Aaron nous a montré à quel point notre capacité d’amour et de soins peut être profonde, même pour ceux que nous n’avons jamais rencontrés. Les gens qui tentent de rejeter le sacrifice et les protestations d’Aaron suppriment leur propre capacité d’amour et leur lien inné avec l’humanité qui s’étend bien au-delà de nos relations les plus proches.

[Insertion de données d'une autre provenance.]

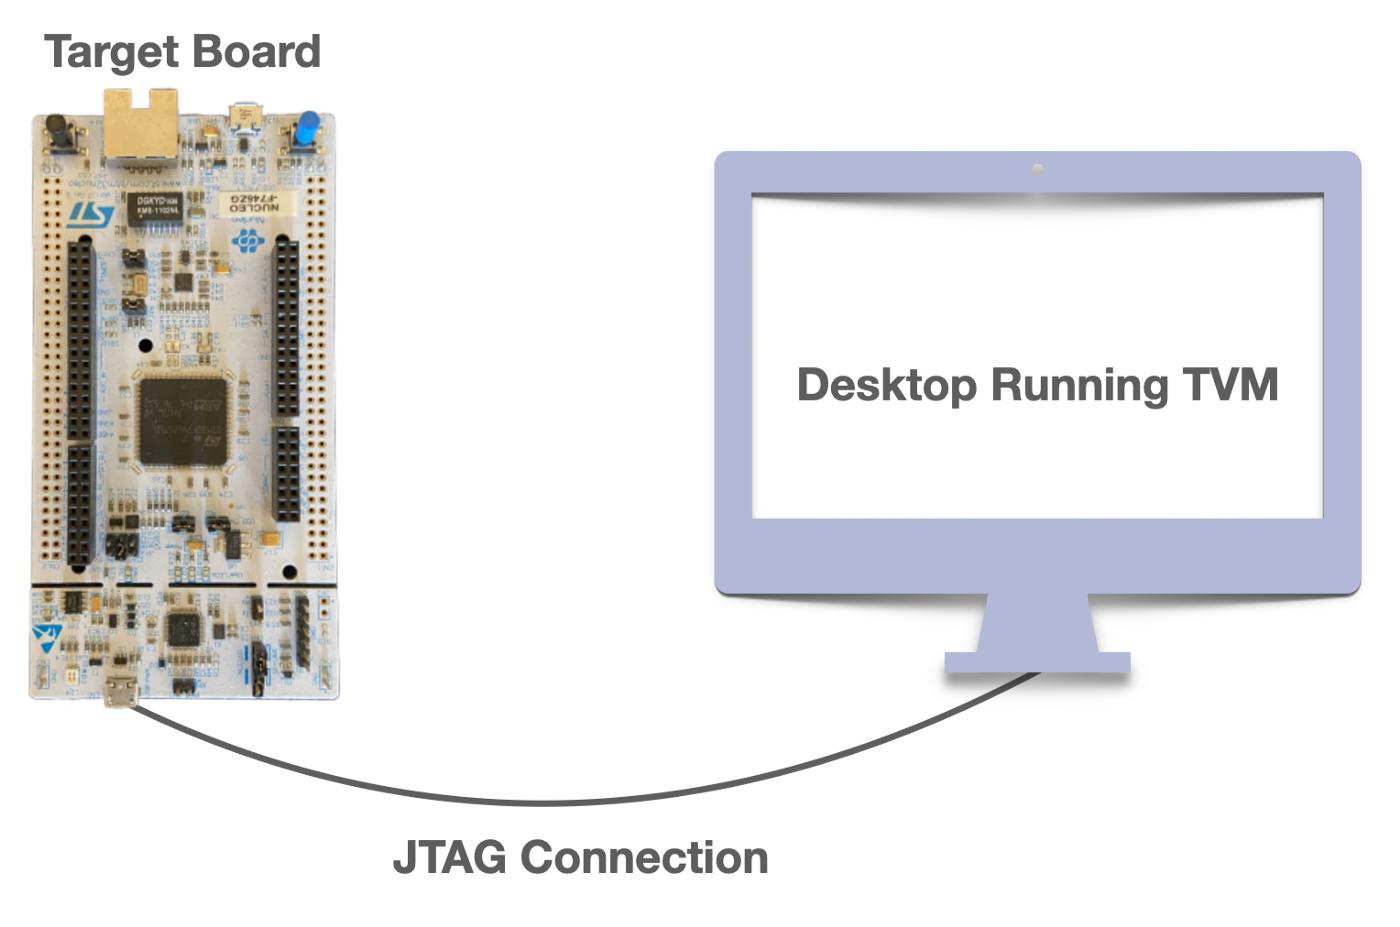 A standard µTVM setup, where the host communicates with the device via JTAG

Je n’ai pas entièrement compris le sacrifice d’Aaron. J’imagine que je ne le ferai jamais. Je continuerai cependant à penser à son amour inébranlable pour l’humanité. Aussi effrayant et stimulant que soit d’essayer de nous mettre à la place d’autres personnes qui souffrent et sont opprimées, il y a un but et de la vie dans l’action. Surtout quand nous pouvons utiliser ce sentiment de connexion pour nous tenir courageusement aux côtés de ceux qui sont les plus vulnérables à l’avidité gratuite et à la destruction pathologique de la classe dirigeante, comme l’a fait Aaron.

La connexion – ni le racisme, ni le meurtre, ni l’indifférence – est au cœur de qui nous sommes. La mort d’Aaron en est un cruel rappel. Il nous a montré les profondeurs de son âme, et pour ceux qui regardaient d’assez près, il nous a montré nous-mêmes.